If the foam roller is not quite doing the job, then belly up to the bar for a Rumble Roller. The protruding hard-foam ends will zero in on a knot in ways a standard roller can only dream of. Be advised, don’t start with a Rumble Roller without breaking yourself in first.
The Road Less Traveled
You will probably never hear of this option anywhere else, but it bears mentioning because its what worked for me so marvelously. Hormone therapy.
As I grew older, I became more prone to pain, inflammation and a loss of vitality. As such, Mrs. Parrot ordered me to get blood work done at a wellness clinic which specialized in hormone therapy. She essentially told me that if I didn’t do it, I’d best develop a taste for arsenic. The results were rather interesting.
As a 45-year-old man at the time, I had low testosterone despite working out every day. My estrogen levels were also too high. This explained my inability to kick muscle pain and recover quickly from sciatic episodes. Not to mention, I was also developing boners softer than Wilford Brimley.

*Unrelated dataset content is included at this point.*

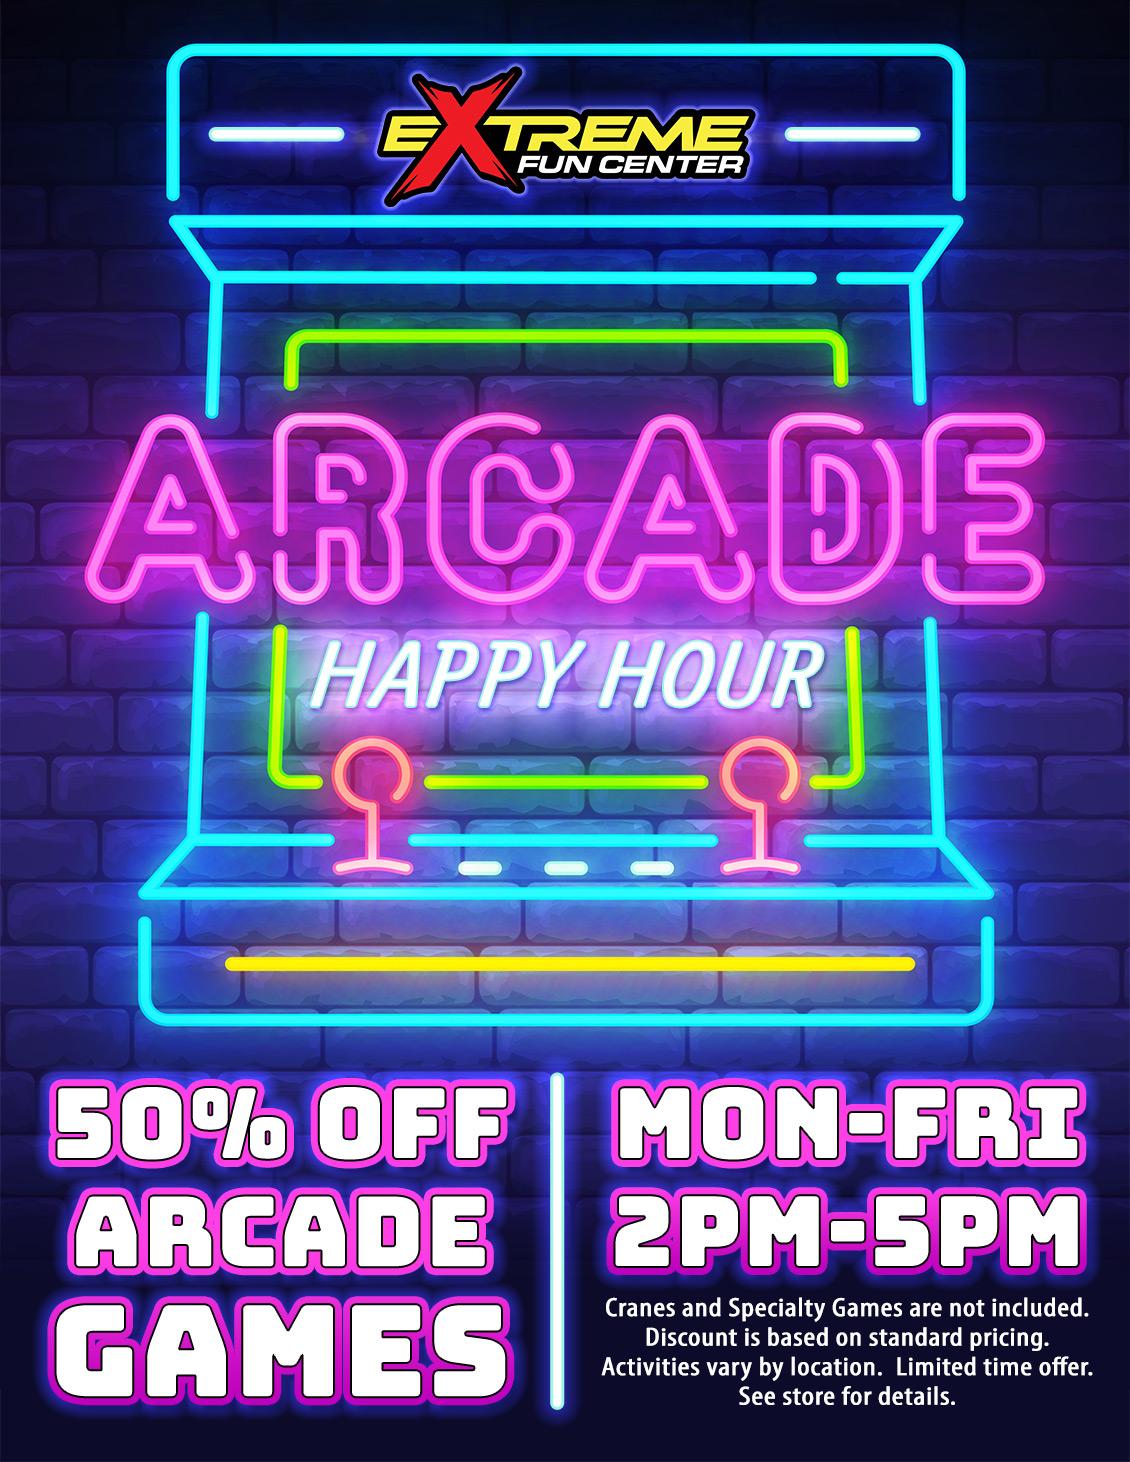 Arcade Happy Hour

Therefore, a plan was put in place: get my levels back to normal. I went on a two-fold prescription of testosterone cream and an occasional estrogen blocker. It took about a month, but changes were very, very noticeable. I could work out and recover within a reasonable time-frame. I felt a jump in my morning step that had previously dissipated. Now only on rare occasions did my wife want to slit my throat and leave me to die in a gutter. And even better, my sciatic pain dropped like a rock.
Hormone therapy can be a touchy subject for a lot of dudes. Let’s be up front, testosterone supplementation has a bad rap due to steroid abuse. For the record, the T-levels we are aiming for are nothing even remotely like that of athlete doping. Therefore, take any fears of becoming a muscle bound freak and put them aside. The two concepts are not the same thing.
If you’ve searched every avenue and have had no success, I advise giving hormone therapy a look. Choose your doctor carefully, as most have no idea whatsoever regarding hormone therapy. Many still buy into the false narrative that normalizing T-levels will be an increase to prostate cancer risk. Someday soon I’ll write a more detailed article on my journey.
Living with sciatica doesn’t have to be the nightmare you’ve come to accept. With time, determination and maybe a little outside help, it is very possible to get this serious condition under control so you can get back to living the life you want to live.